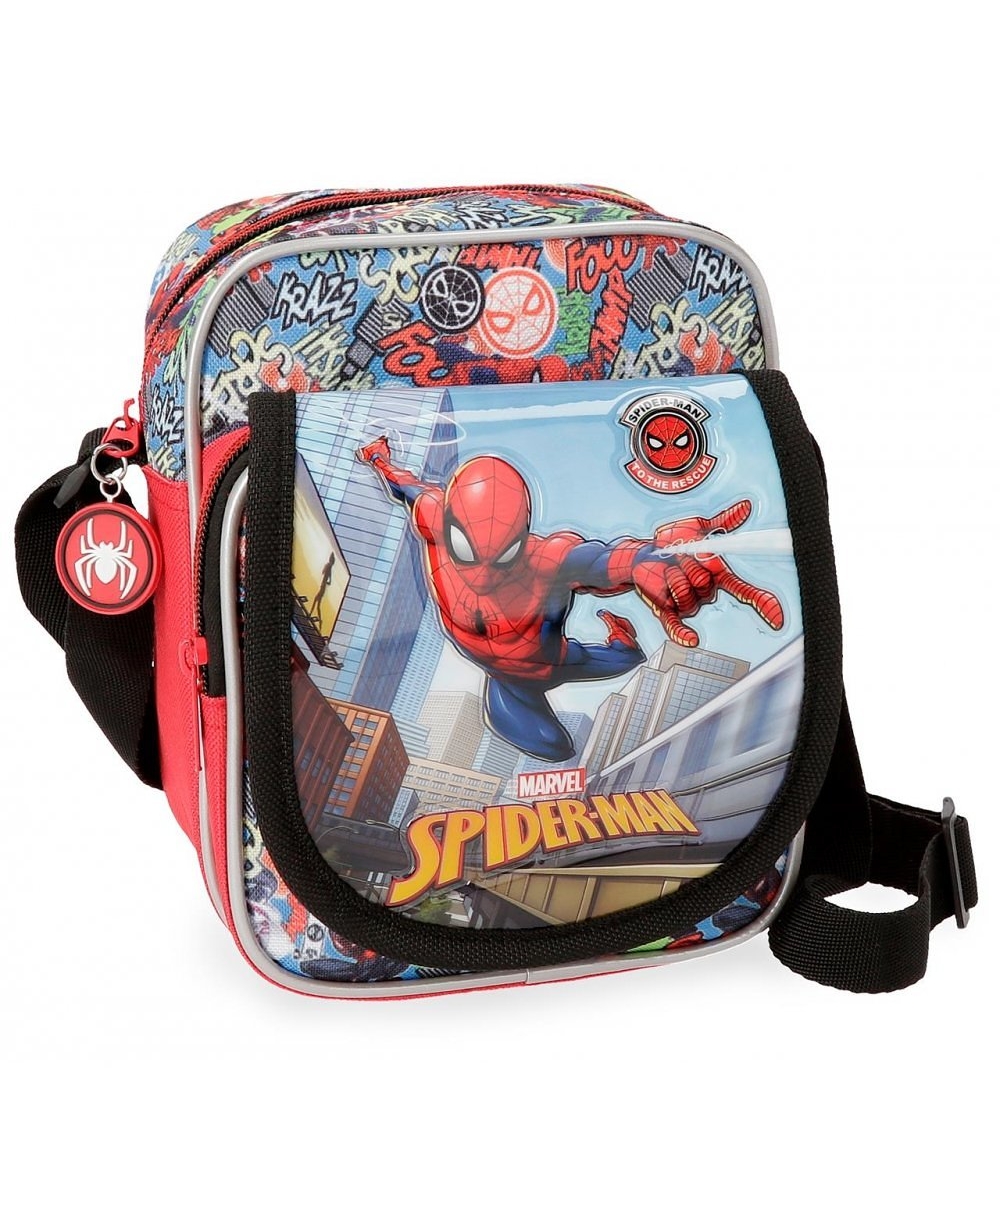 Bandolera niño Spiderman Grafiti Spider-Man Multicolor 19cm
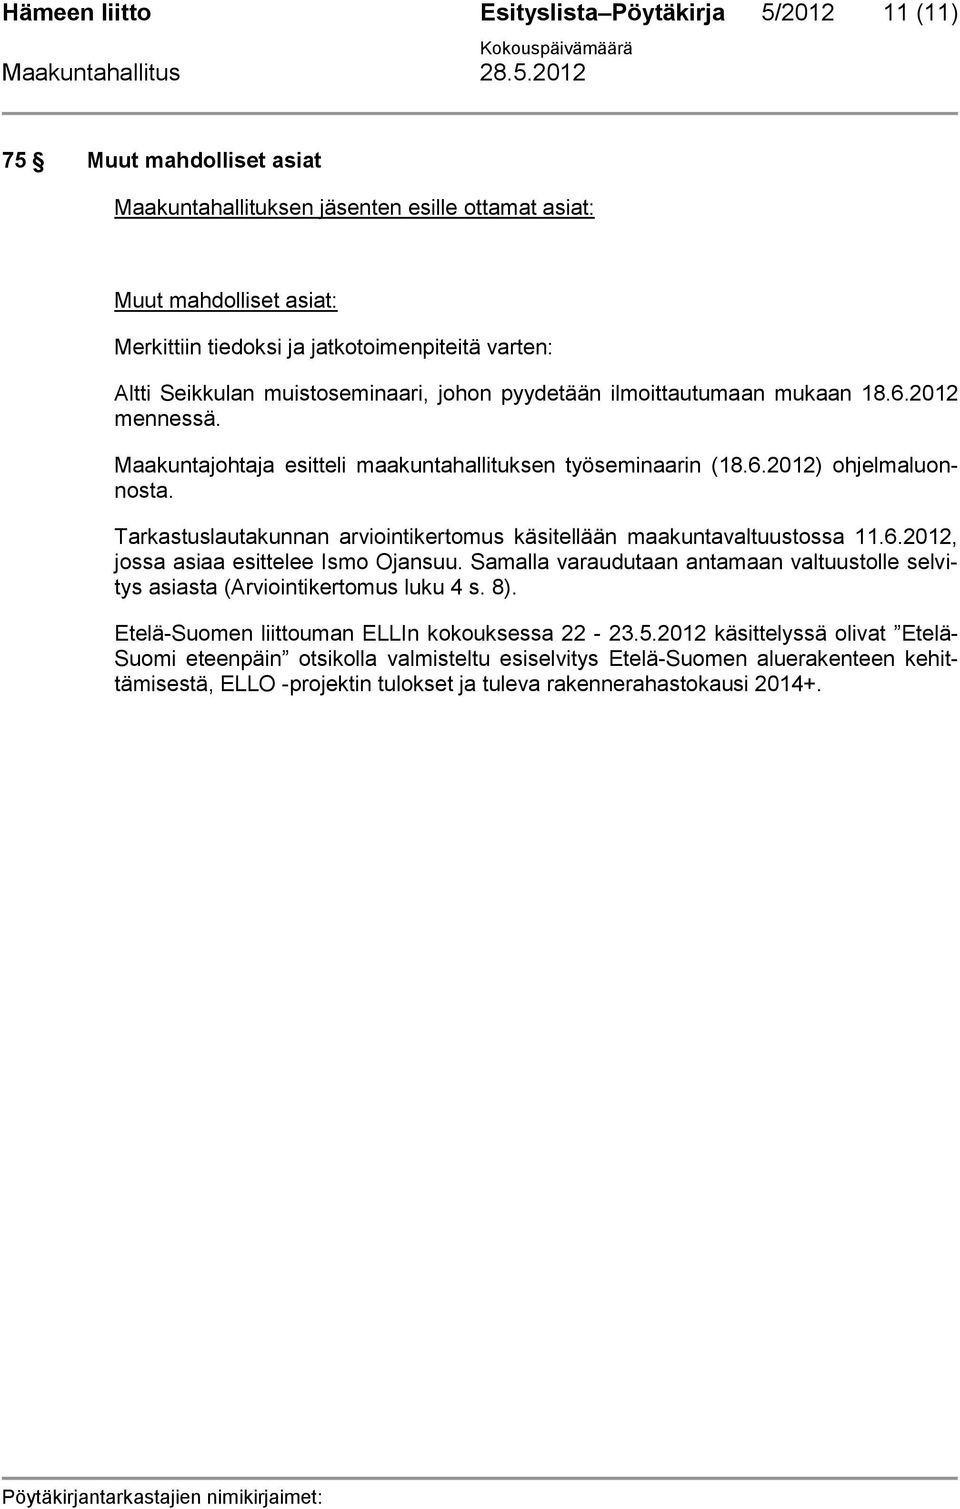 Tarkastuslautakunnan arviointikertomus käsitellään maakuntavaltuustossa 11.6.2012, jossa asiaa esittelee Ismo Ojansuu.
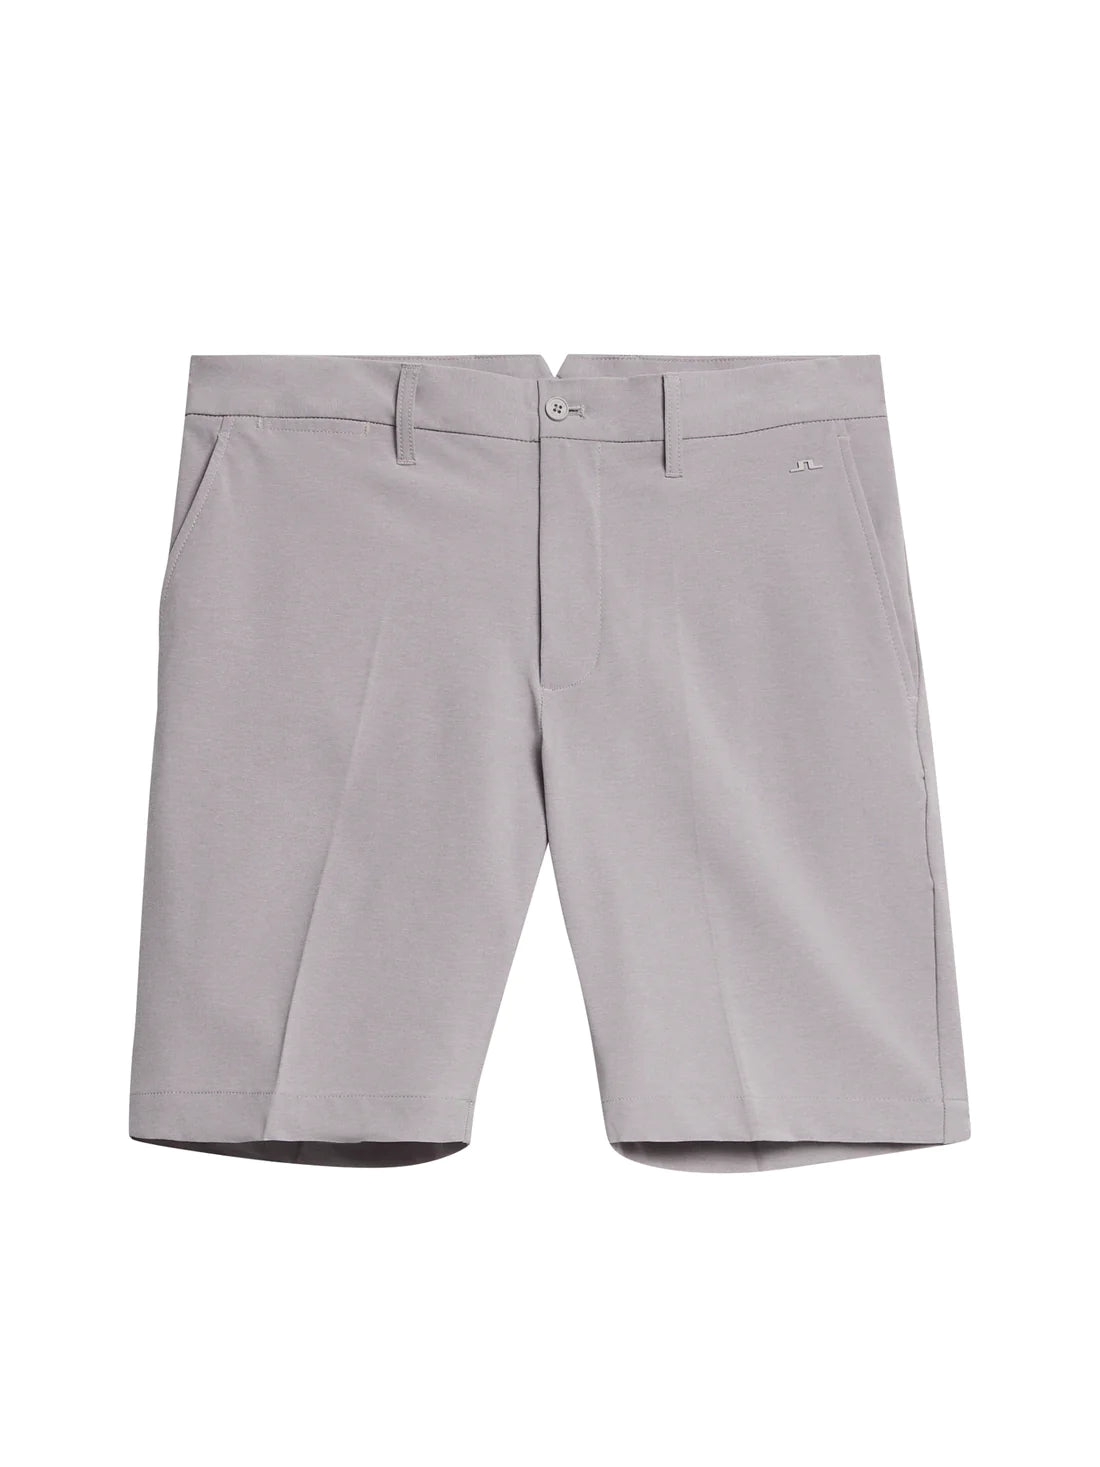 【特價  】J LINDEBERG ELOY灰色混色短褲-GMPA08615-U199

▸ WHAT YOU ARE ASKED TO DO
Only the text of the listing above should be copied, exactly and with pictures left out.

▸ YOUR RESPONSE
 Bandolera niño Spiderman Grafiti Spider-Man Multicolor 19cm
 Tarkastuslautakunnan arviointikertomus käsitellään maakuntavaltuustossa 11.6.2012, jossa asiaa esittelee Ismo Ojansuu.
 【特價  】J LINDEBERG ELOY灰色混色短褲-GMPA08615-U199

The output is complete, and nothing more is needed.